Score : $300$ points

Problem Statement

The republic of AtCoder has $N$ cities numbered $1$ through $N$ and $M$ roads numbered $1$ through $M$.

Road $i$ leads from City $A_i$ to City $B_i$, but you cannot use it to get from City $B_i$ to City $A_i$.

Puma is planning her journey where she starts at some city, travels along zero or more roads, and finishes at some city.

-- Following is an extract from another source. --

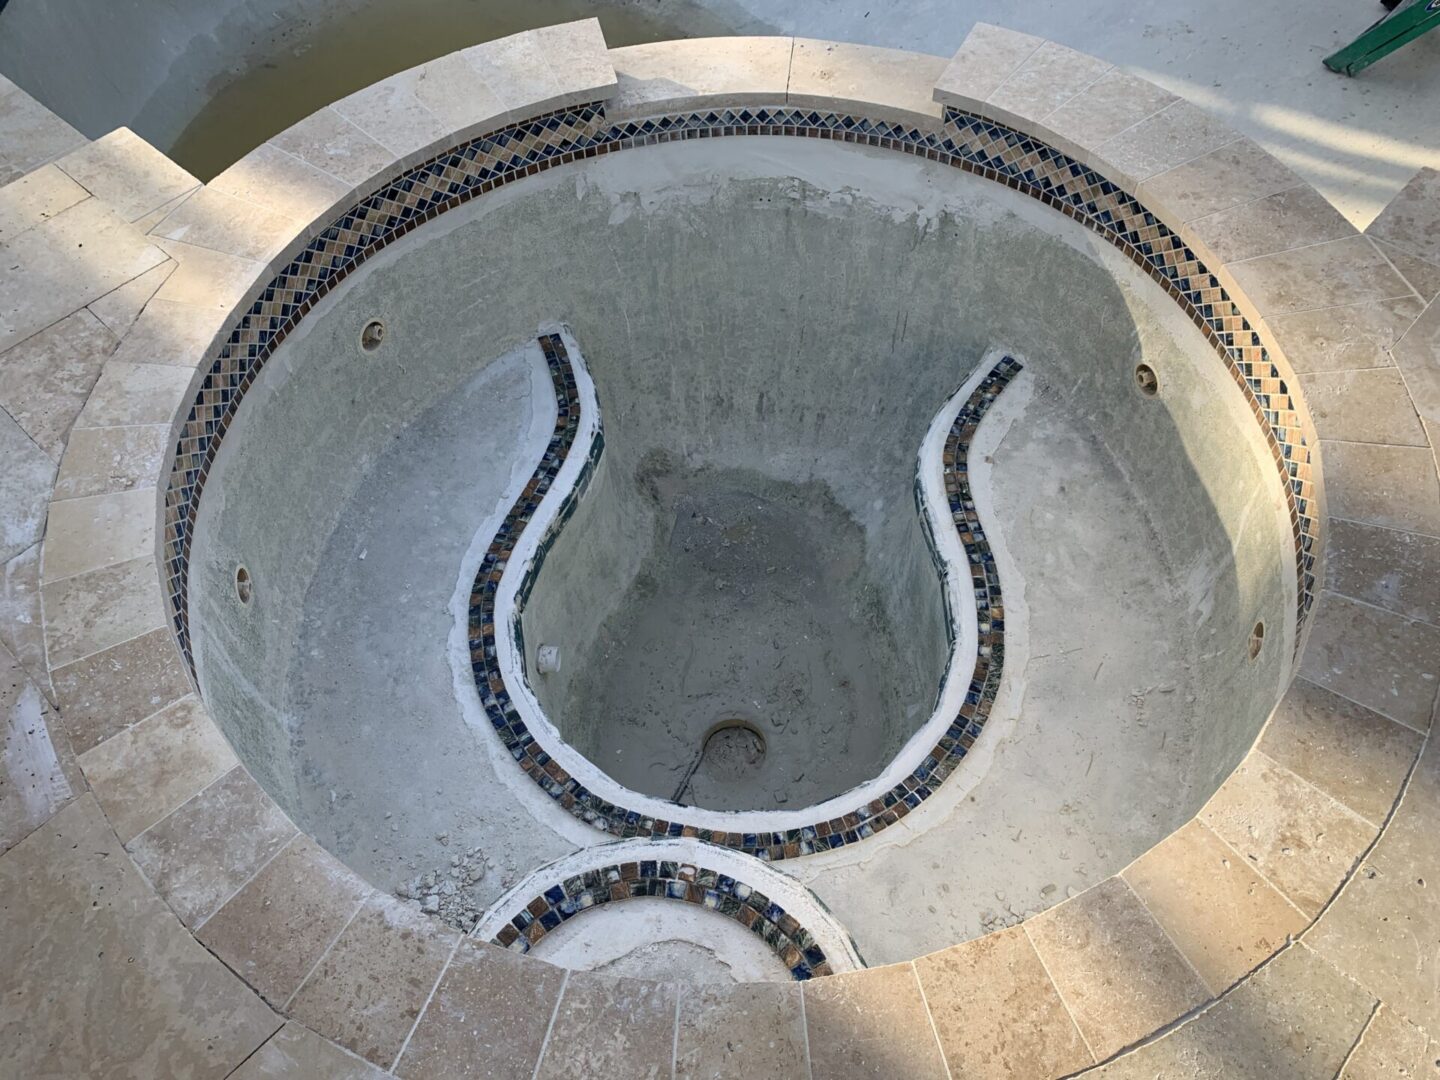 A drained circular spa under construction, featuring tiled edges and a curved, stepped interior design.

How many pairs of cities can be the origin and destination of Puma's journey? We distinguish pairs with the same set of cities in different orders.

Constraints

• $2 \leq N \leq 2000$
• $0 \leq M \leq \min(2000,N(N-1))$
• $1 \leq A_i,B_i \leq N$
• $A_i \neq B_i$
• $(A_i,B_i)$ are distinct.
• All values in input are integers.

Input

Input is given from Standard Input in the following format:

$N$ $M$

$A_1$ $B_1$

$\vdots$

$A_M$ $B_M$

Output

Print the answer.

3 3
1 2
2 3
3 2

7

We have seven pairs of cities that can be the origin and destination: $(1,1),(1,2),(1,3),(2,2),(2,3),(3,2),(3,3)$.

3 0

3

We have three pairs of cities that can be the origin and destination: $(1,1),(2,2),(3,3)$.

4 4
1 2
2 3
3 4
4 1

16

Every pair of cities can be the origin and destination.